Être instit’ à notre époque n’est pas chose facile ; les gouvernements passent et les réformes trépassent. Or, malgré vents et marées, la pédagogie reste immuable. Il y a deux siècles, Éloy Perret, comme ses semblables, avait bien d’autres soucis.
Eloy Perret prit l’habitude de se lever à six heures et demie. Il mangeait copieusement, faisait quelque toilette dans le baquet. Puis il s’habillait ; ses vêtements sombres, à peine rehaussés par la couleur blanche du rabat de la casaque, faisaient de lui un personnage important. Un chapeau de feutre noir couvrait ses longs cheveux. Il restait couvert pendant la classe, sauf au moment où les enfants récitaient leurs prières. Sans être beau, il avait de l’allure dans son costume ; les jeunes mères le regardaient avec empressement quand elles venaient à l’école. Il savait l’intérêt qu’il pouvait dégager, mais il se gardait bien de déroger aux règles imposées par son travail. Une occasion s’était présentée à lui pendant son internat à Saint-Quentin, un dimanche après-midi. Une fois seul avec la dame, les odeurs lourdes de parfum, masquant la crasse, son allure maigrelette l’avaient dégoutté. Il s’était enfui sous les sarcasmes et les hurlements. Il savait, bien sûr, que toutes les femmes n’avaient pas toutes, cette vulgarité. Mais cela faisait une raison supplémentaire pour se garder à sa promise.
Il allait ensuite dans sa classe porter le bois destiné au chauffage et allumait le poêle. Il aimait ce moment ; tout était silence, hormis le crépitement du feu. Une odeur agréable se répandait dans la classe. Les jours rallongeaient. Les soucis d’économie allaient bientôt faire disparaître cette douce senteur de feu de bois.
Dès que le feu avait pris son rythme normal, il se mettait au travail. Il prenait grand soin à la correction des devoirs, préparait les leçons de la journée.
Quelques minutes avant neuf heures, il entendait les enfants arriver et se grouper devant la porte. Il ne voulait pas les faire entrer au compte-gouttes. Dès qu’ils formaient un petit groupe, il sortait, discutait avec eux du temps et autres sujets insignifiants. Il aimait les entendre s’exprimer en dehors de l’école ; les petits avaient beaucoup de choses à dire. Puis, le nombre des enfants grandissait ; il était temps d’entrer dans la classe. Là, les visages se décrispaient sous l’effet de la chaleur. Les élèves n’étaient pas toujours présents ; certains étaient malades, d’autres gardaient les petits frère et sœur, d’autres encore aidaient leurs parents à quelque tâche laborieuse.

Eloy avait tenu dès le début, à être prévenu de ces manquements par les parents. Il comprenait très bien tous ces imprévus, mais attachait de l’importance au respect des engagements donnés.
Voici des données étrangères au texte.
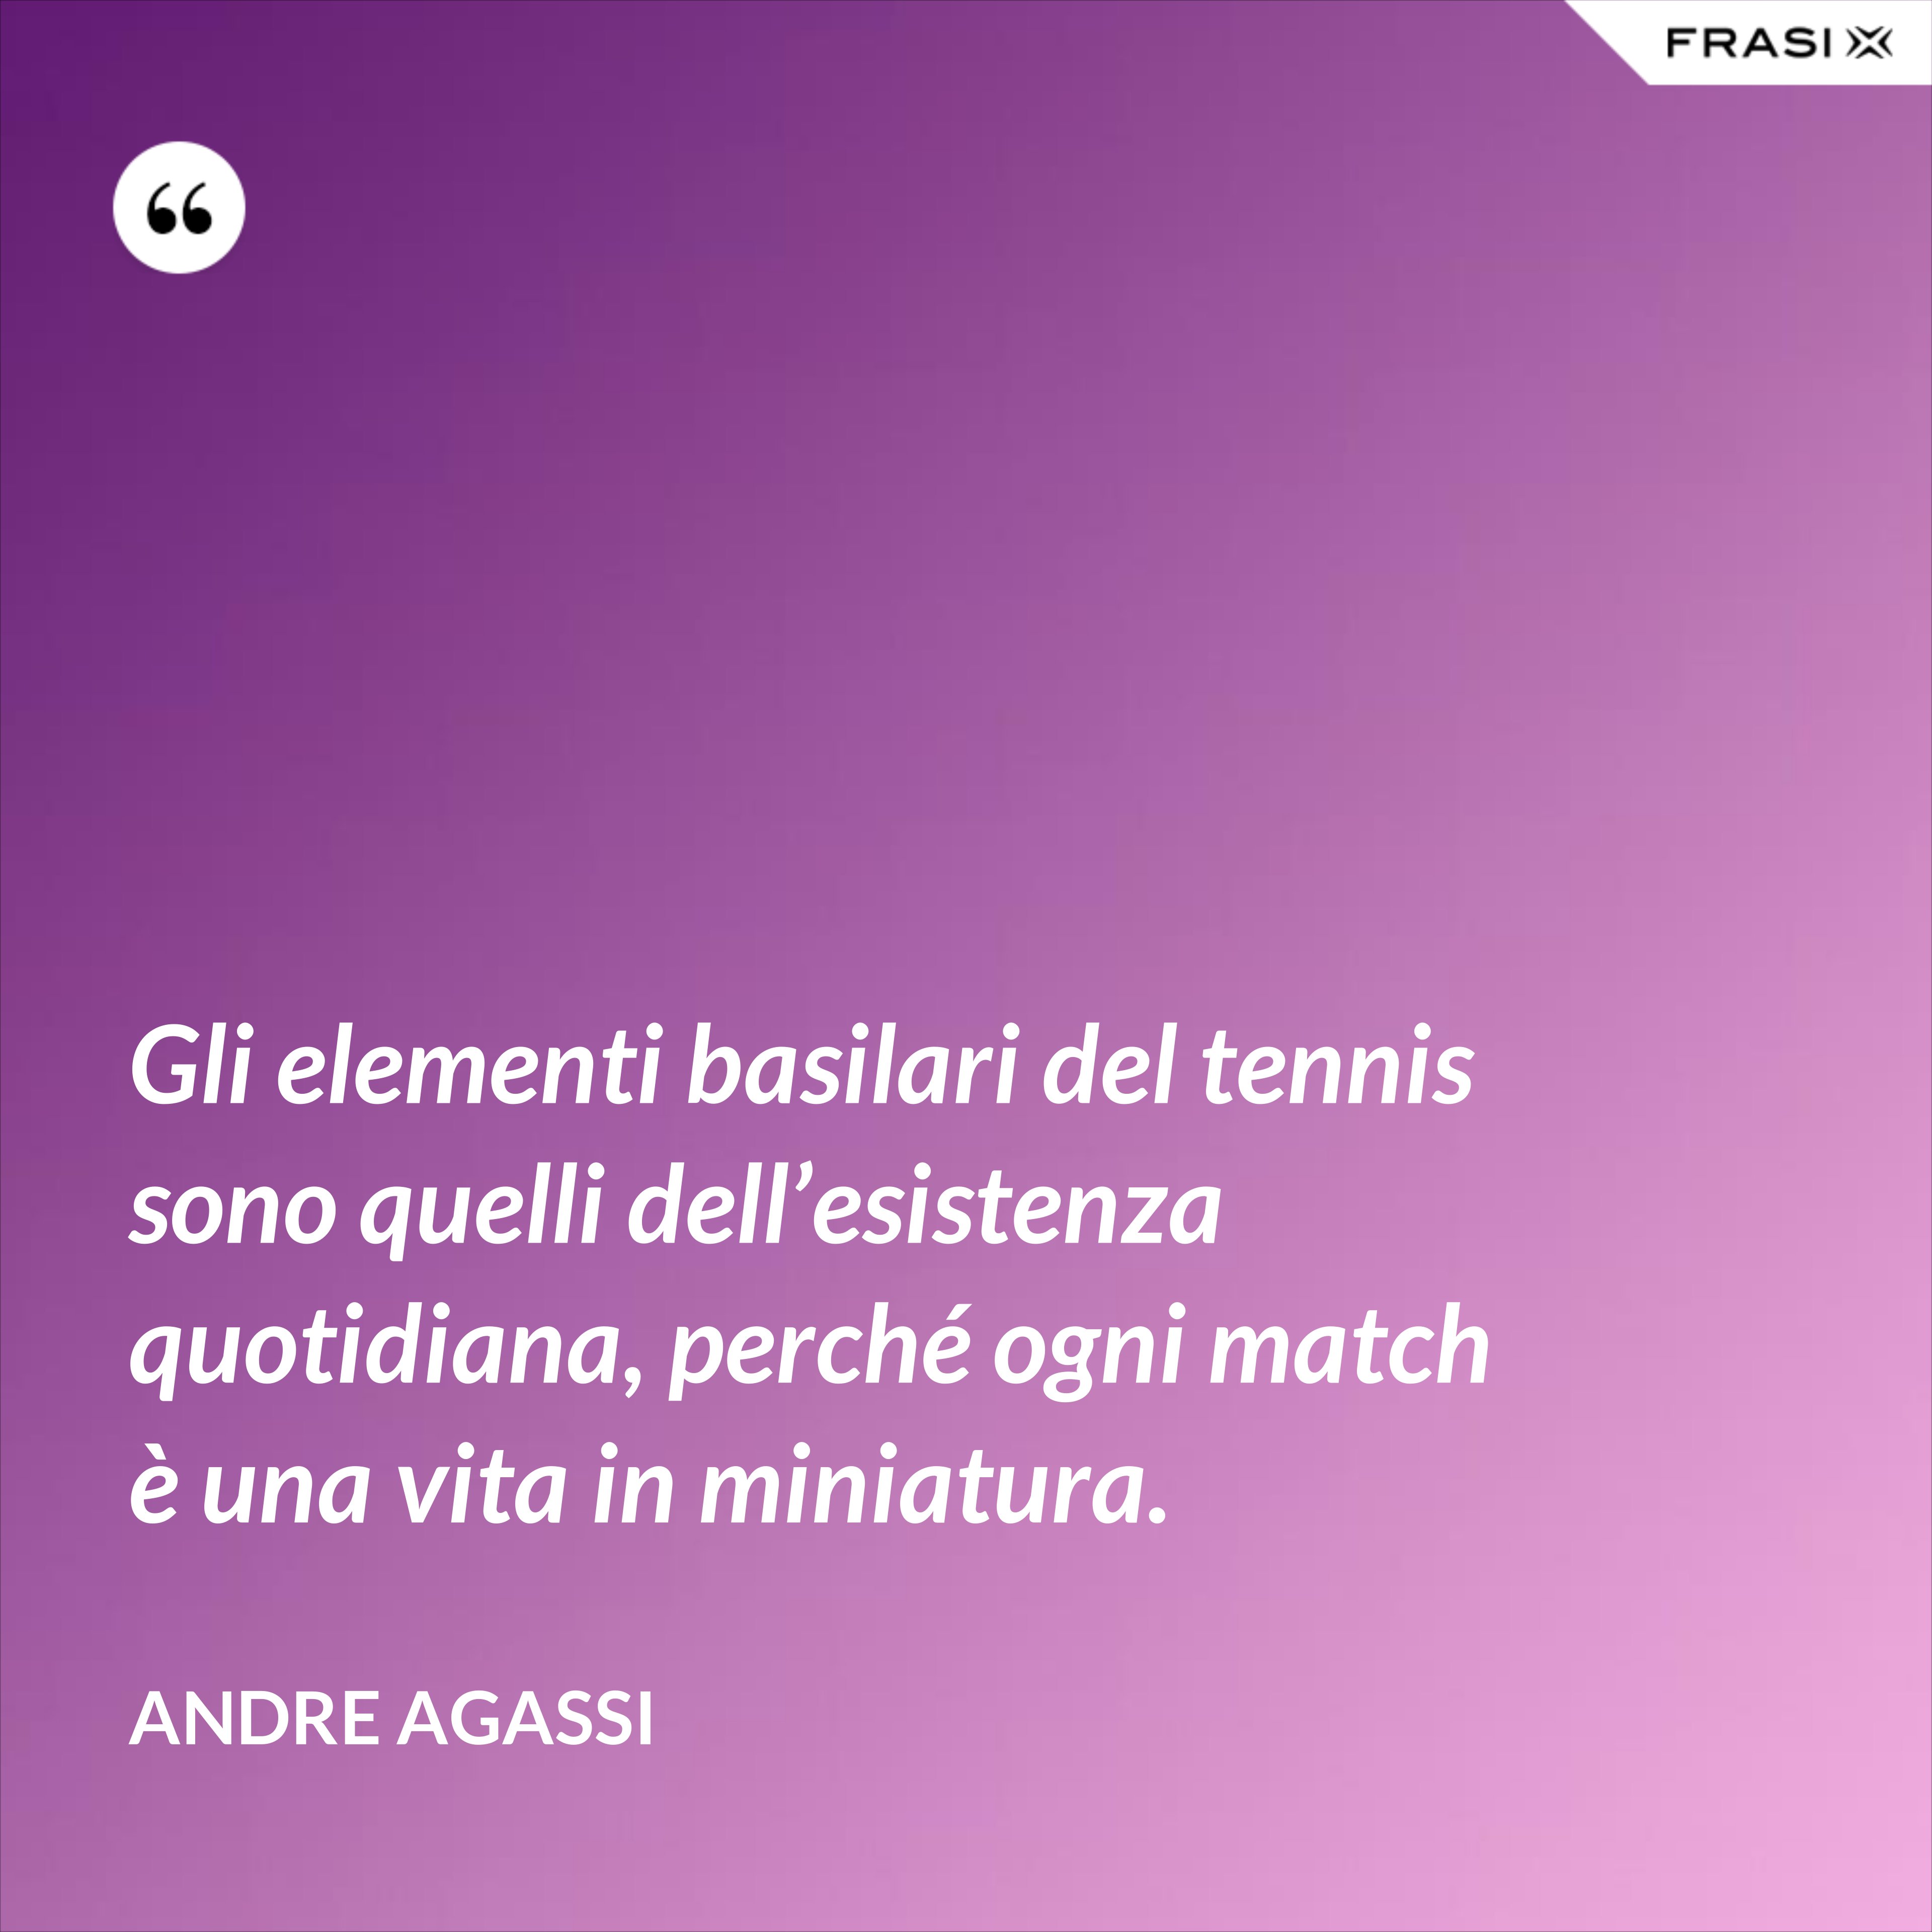 Gli elementi basilari del tennis sono quelli dell’esistenza quotidiana, perché ogni match è una vita in miniatura. - Andre Agassi
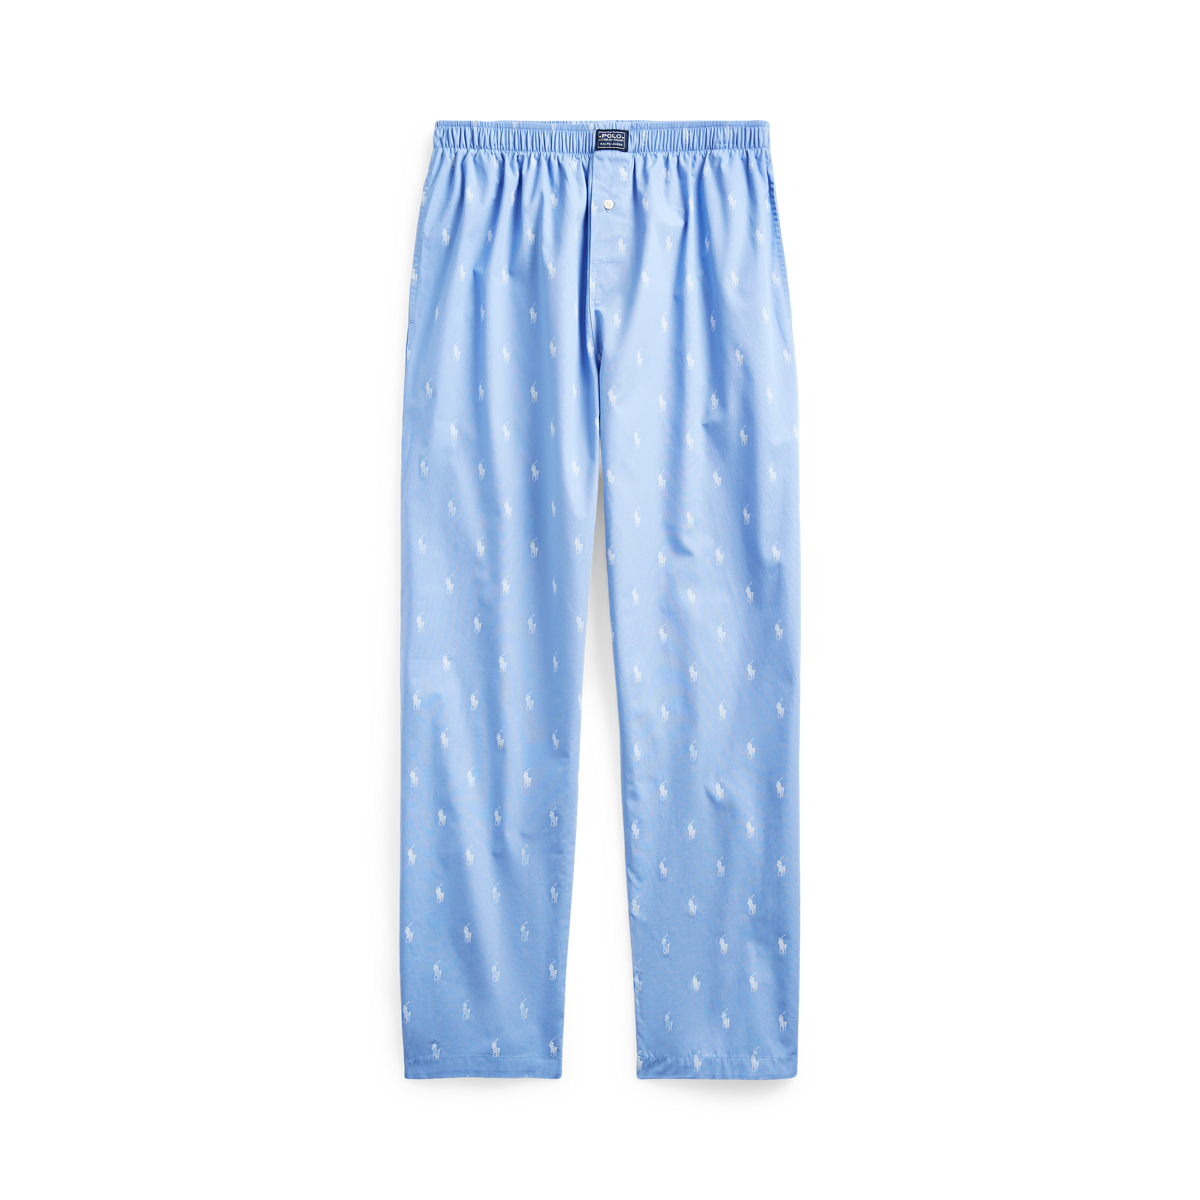 Polo Ralph Lauren Big & Tall Allover Pony Pajama Sleep Pants

Les enfants, une fois leur cape ôtée, se mettaient à genoux et récitaient leur prière. Eloy remarquait que certains n’étaient pas très recueillis, mais leur manque de piété correspondait souvent à l’état de libre penseur des parents. Il essayait du mieux possible de leur inculquer les principes chrétiens.
La journée commençait.
Il n’était pas dans les intentions d’Eloy de brûler les étapes, aussi, au vu des résultats passés, il avait préféré revenir sur les choses déjà vues et mal assimilées. Le matin était réservé à l’arithmétique. Les petits apportaient des petits bâtonnets, ou objets divers pour apprendre à compter ; tout était bon pour l’apprentissage, pourvu que le chiffre abstrait soit matérialisé. Les additions n’étaient pas écrites, tant que les résultats n’étaient pas sus.
— Ainsi, vous écrivez ce que votre esprit a compris. Il est inutile d’écrire ce qui n’a pas été entendu. Et l’écriture des posites (vieux mot pour désigner le nombre), doit se faire en plaçant les chiffres l’un au-dessous de l’autre. Puis on tire le trait pour inscrire le résultat dessous.
Pendant ce temps, les grands faisaient des devoirs par écrit sur des questions données la veille.
Les exercices terminés, Eloy laissait les petits à leur écriture et initiaient les aînés aux multiplications ou partitions de valeurs monétaires.
— Il est très important de se rappeler que l’on doit convertir les livres en sols ou en deniers, avant d’effectuer l’opération.
Quelques-uns uns passaient à la grande ardoise, afin de montrer leurs capacités. Là, en cas d’erreur répétée, Eloy sortait la férule (petite palette de bois ou de cuir avec laquelle on frappait la main des écolier en faute) et l’appliquait. Il tenait à cet instrument de punition, afin de marquer le fautif. Par contre, il refusait de se servir du fouet, de la verge ou du chevalet, qui lui semblaient trop douloureux et archaïques.